This obviously not an easy thing to perceive. Philosophically, perhaps it could be said that the phenomenological tradition (especially deconstruction) is an attempt to 'dust' all sorts of linimal portals at the threshold of the human and to at least illume those limits. The crossing of those portals is another thing altogether. Often times charges of verging on, or passing over into the 'inhuman' result from those investigations.

Interesting then that so called 'speculative materialism' is putting forth another philosophical strand which attempts to dance into some of these issues. (The most fabulous, in all senses of the word, is the recent book by Reza Negarestani: Cyclonopedia:Complicity with anonymous Materials, speculation and philosophy...lots of speculation... And also the journal COLLAPSE from Britain..see also After Finitude by Quentin Meillassoux and many new blog sites devoted to the general area).

A couple of short quotes from the article:

"Because the contemporary capacity to command political loyalty and resources depends upon it, the assumption of anthropocentrism must be unquestioned if modern rule is to be sustained as a political project."

and
"This does not mean that UFOs are in fact humanly unknowable,
but they might be, and in that respect they haunt modern sovereignty with
the possibility of epistemic failure."


Ufologists often talk about a coming date (always coming) when secret files will be released etc. This certainly doesn't deal with such conspiratorial issues but the article is very successful in pointing to a skandalon, perhaps indemic to human cognition which might stand in the way of any real recognition of the phenomena.

I'm also reminded of The Black Swan by Nassim Taleb and the place of ignorance and chance in forming most aspects of the world. I've found that there is even a new term for the study of ignorance: agnotology. More data does not necessarily mean we know more; in fact it may give a complacency about what we (think) we know.

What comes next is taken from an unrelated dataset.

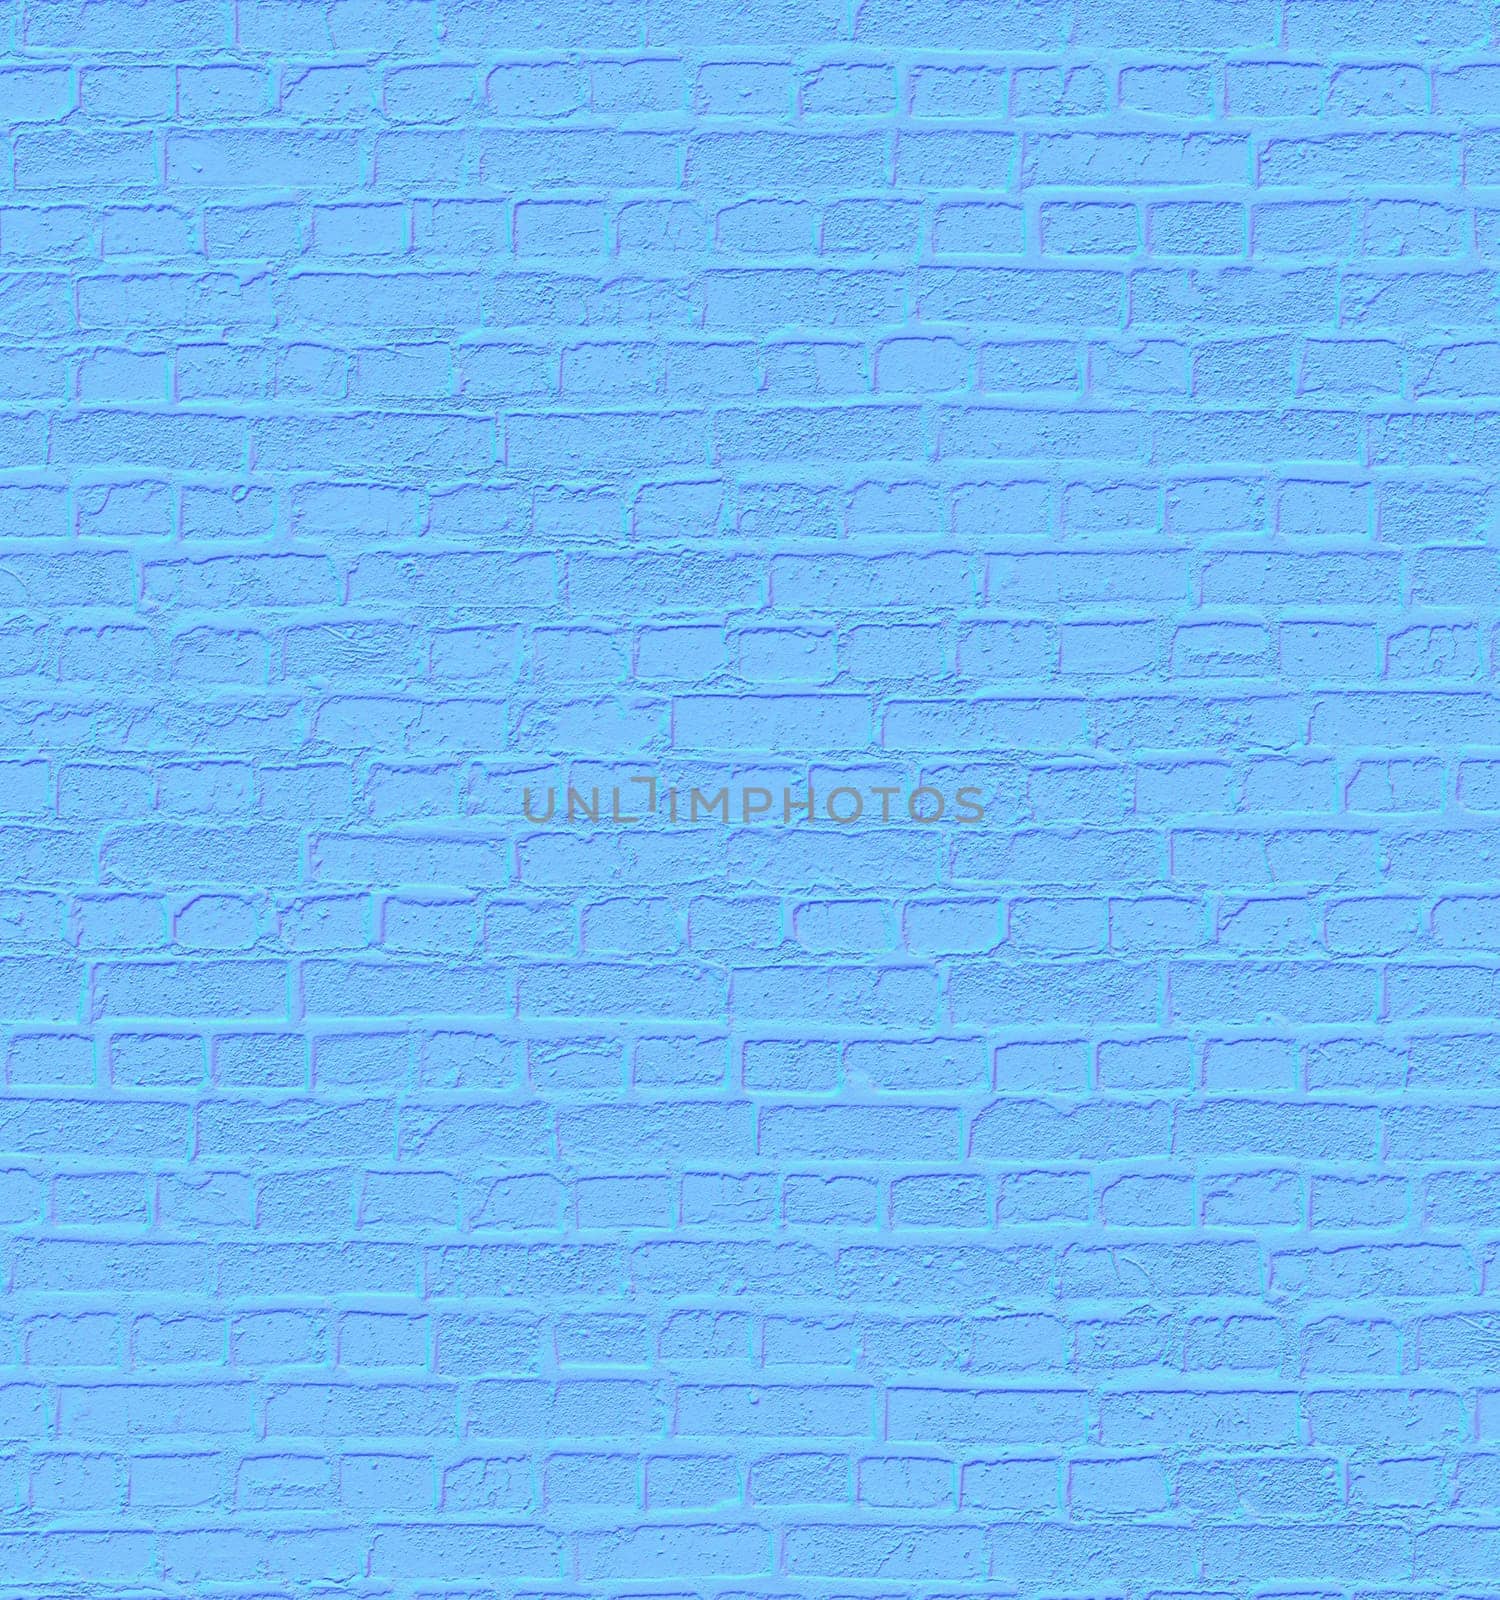 Blue textured brick background in close-up. Background texture by Mastak80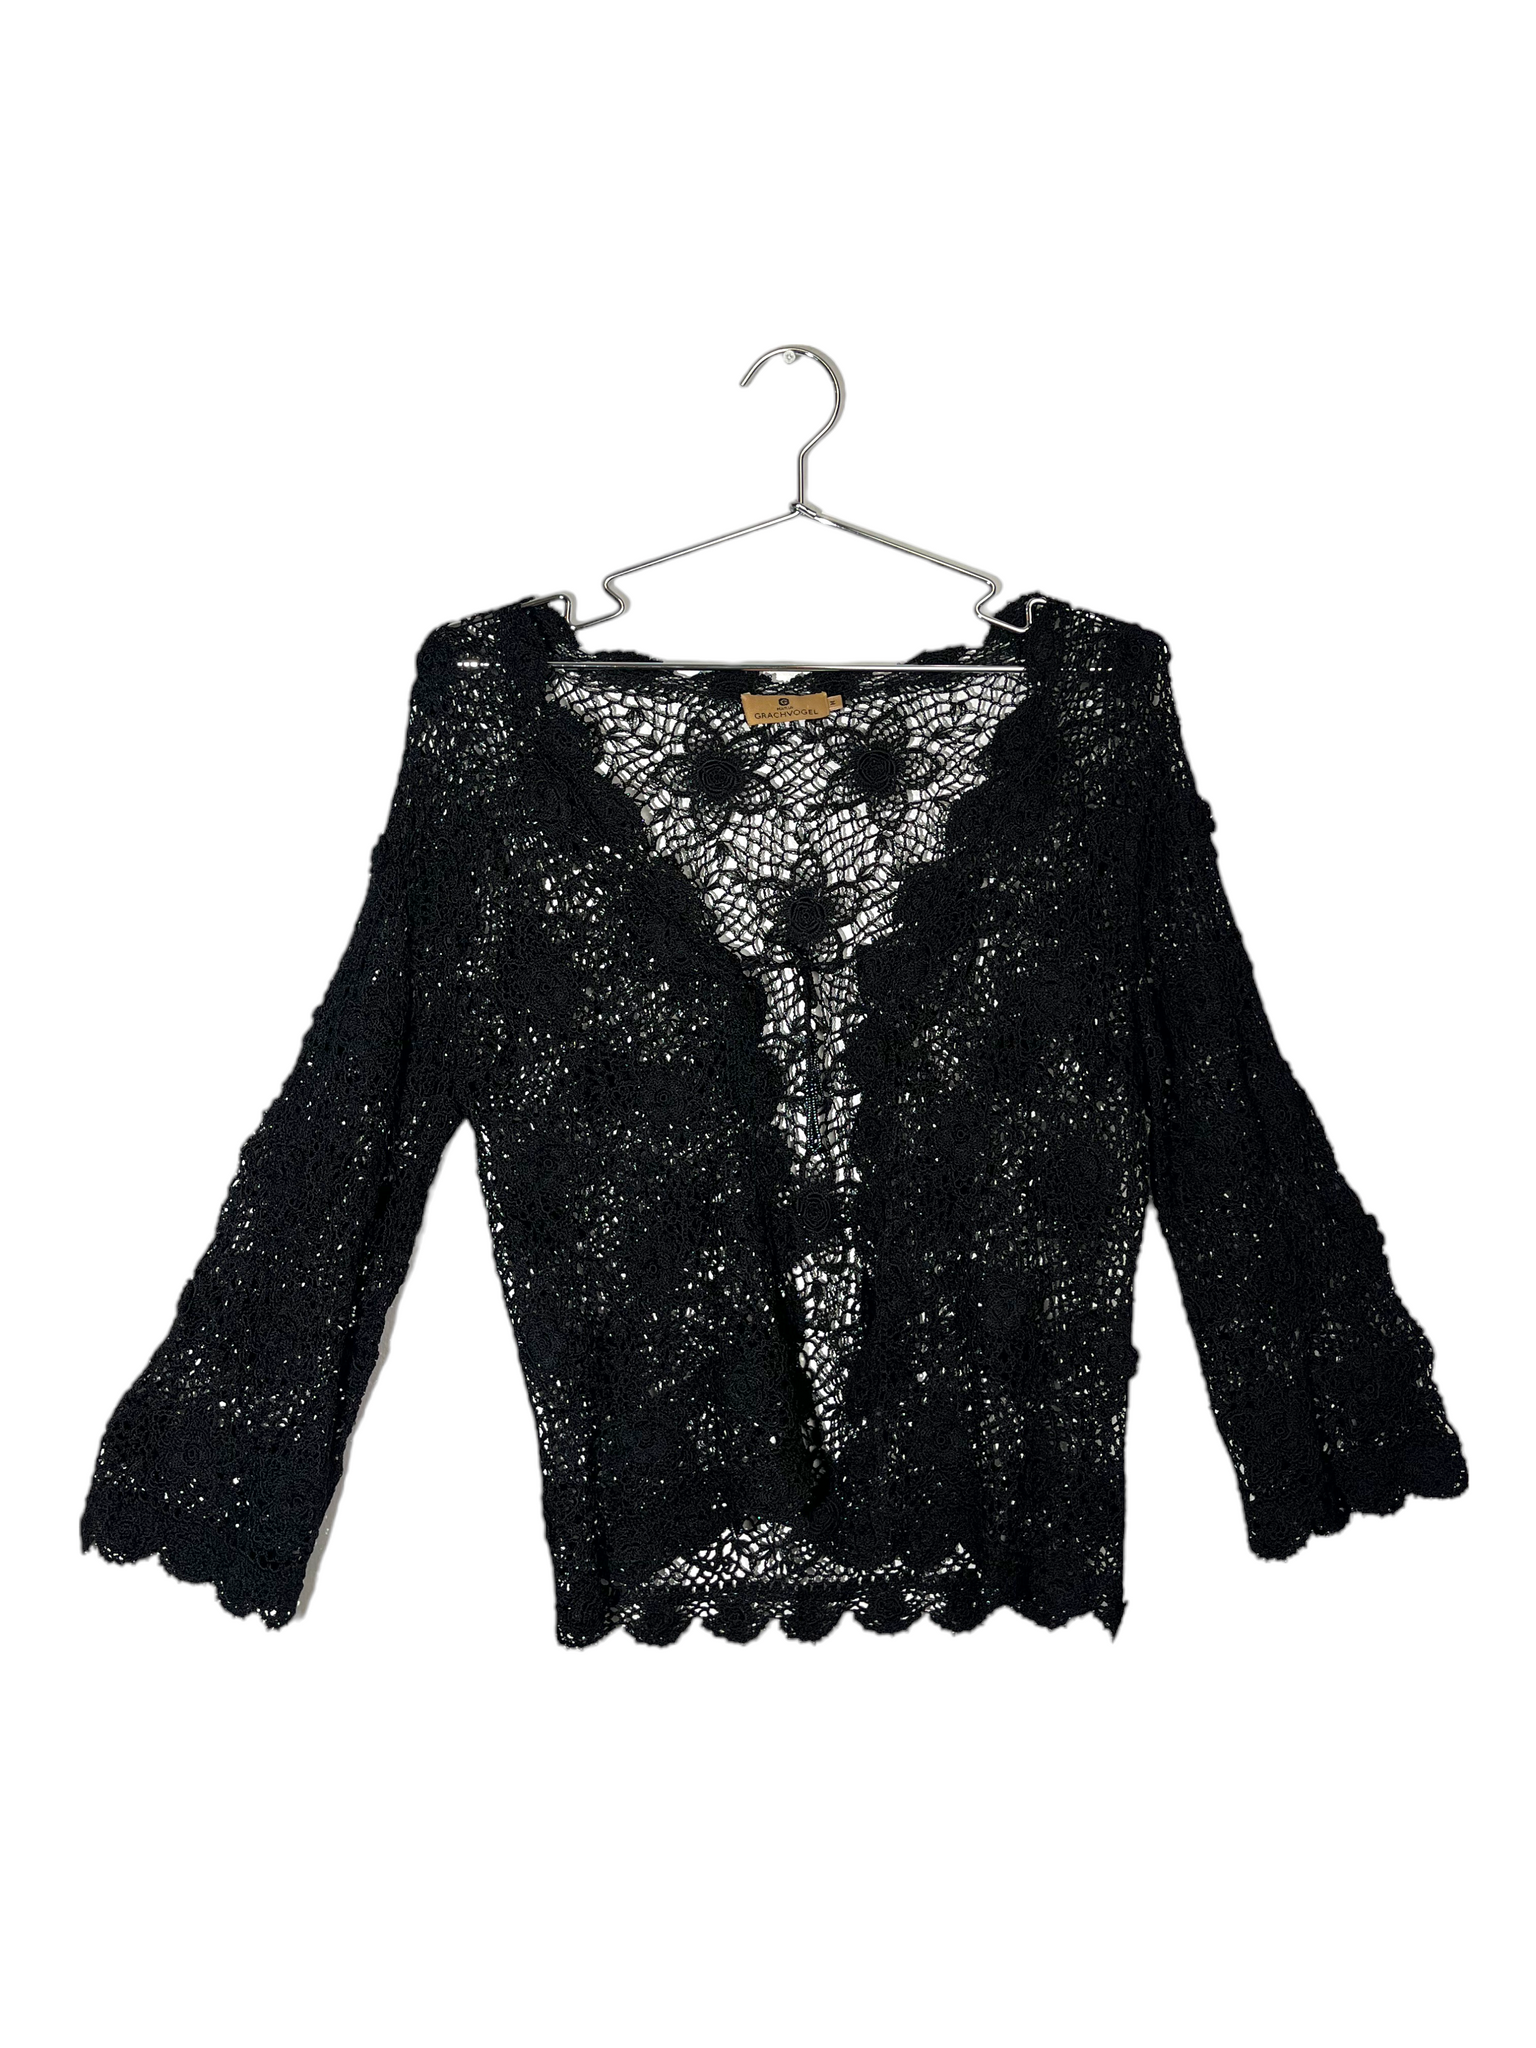 Maria Grachvogel Black Crochet Flower Top

On another website, I seemingly misleadingly said that the Black Swan lends itself to the proposition that anything can happen at any time...perhaps not quite so radical as that but it would seem to verge toward the same sort of ignorance of events and both their probability and improbability....and as Wendt and Duvall put it, a threat to anthropocentric integrity -- rather a threatening failure of systems how we know things.
"I push one step beyond this philosophical-logical question into an empirical reality, and one that
has obsessed me since childhood. What we call here a Black Swan (and capitalize it) is an event with
the following three attributes.

first, it is an outlier, as it lies outside the realm of regular expectations, because nothing in the past
can convincingly point to its possibility.

Second, it carries an extreme impact. third, in spite of its outlier status, human nature makes us concoct explanations for its occurrence after the fact, making it explainable and predictable.

third, in spite of its outlier status, human nature makes us concoct explanations for its occurrence after the fact, making it explainable and predictable. "

Many find it better to just keep looking under the street light...afterall it's almost impossible to see anyplace else.
And besides way too much trouble to even attempt.